Exercise prompt — In the data below, the answer is the run of lines from the line containing "Qwest Logo photo - 1" through the line containing "#SecretsAtMeadowLakeCoverReveal #WendyOwens", both included; print it exactly and nothing else.
━━━ Supplied records
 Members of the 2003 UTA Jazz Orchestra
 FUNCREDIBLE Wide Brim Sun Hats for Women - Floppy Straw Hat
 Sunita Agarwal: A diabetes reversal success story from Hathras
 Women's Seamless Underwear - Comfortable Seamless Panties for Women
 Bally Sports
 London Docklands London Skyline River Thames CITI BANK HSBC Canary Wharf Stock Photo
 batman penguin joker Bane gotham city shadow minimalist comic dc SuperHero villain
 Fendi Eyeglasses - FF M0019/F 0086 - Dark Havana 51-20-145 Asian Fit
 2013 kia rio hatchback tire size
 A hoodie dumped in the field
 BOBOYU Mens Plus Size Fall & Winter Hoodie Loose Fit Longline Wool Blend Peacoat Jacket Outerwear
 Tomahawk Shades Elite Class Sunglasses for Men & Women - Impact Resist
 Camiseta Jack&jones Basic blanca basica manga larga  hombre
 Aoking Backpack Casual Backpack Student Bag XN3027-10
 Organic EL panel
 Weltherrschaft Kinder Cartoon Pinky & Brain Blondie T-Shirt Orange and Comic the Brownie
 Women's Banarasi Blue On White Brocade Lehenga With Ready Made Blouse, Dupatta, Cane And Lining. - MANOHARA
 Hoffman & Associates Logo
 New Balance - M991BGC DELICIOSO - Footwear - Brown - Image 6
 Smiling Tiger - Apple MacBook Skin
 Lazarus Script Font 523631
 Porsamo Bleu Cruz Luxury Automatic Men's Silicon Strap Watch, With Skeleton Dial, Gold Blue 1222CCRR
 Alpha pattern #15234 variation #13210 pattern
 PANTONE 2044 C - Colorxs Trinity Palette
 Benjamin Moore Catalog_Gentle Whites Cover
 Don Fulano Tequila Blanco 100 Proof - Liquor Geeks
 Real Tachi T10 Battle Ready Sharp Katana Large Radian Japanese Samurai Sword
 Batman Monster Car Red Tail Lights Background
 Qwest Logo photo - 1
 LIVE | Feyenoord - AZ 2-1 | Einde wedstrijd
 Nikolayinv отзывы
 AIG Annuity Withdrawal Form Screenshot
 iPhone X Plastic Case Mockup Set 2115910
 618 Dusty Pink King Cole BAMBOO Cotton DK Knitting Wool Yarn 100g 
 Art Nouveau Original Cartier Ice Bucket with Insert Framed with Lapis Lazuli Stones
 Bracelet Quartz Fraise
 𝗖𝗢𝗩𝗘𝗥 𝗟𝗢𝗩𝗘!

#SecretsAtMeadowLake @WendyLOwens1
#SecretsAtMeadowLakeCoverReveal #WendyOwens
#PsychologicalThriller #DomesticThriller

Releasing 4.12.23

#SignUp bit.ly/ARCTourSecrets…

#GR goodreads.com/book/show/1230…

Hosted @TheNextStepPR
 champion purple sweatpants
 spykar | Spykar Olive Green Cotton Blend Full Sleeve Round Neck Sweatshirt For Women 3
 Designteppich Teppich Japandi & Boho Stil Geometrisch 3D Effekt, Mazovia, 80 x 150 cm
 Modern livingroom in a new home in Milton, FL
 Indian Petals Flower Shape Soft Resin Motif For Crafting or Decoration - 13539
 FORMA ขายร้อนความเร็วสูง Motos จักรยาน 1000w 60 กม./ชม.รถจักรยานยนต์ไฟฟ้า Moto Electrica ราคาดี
━━━━━━
Answer box —
 Qwest Logo photo - 1
 LIVE | Feyenoord - AZ 2-1 | Einde wedstrijd
 Nikolayinv отзывы
 AIG Annuity Withdrawal Form Screenshot
 iPhone X Plastic Case Mockup Set 2115910
 618 Dusty Pink King Cole BAMBOO Cotton DK Knitting Wool Yarn 100g 
 Art Nouveau Original Cartier Ice Bucket with Insert Framed with Lapis Lazuli Stones
 Bracelet Quartz Fraise
 𝗖𝗢𝗩𝗘𝗥 𝗟𝗢𝗩𝗘!

#SecretsAtMeadowLake @WendyLOwens1
#SecretsAtMeadowLakeCoverReveal #WendyOwens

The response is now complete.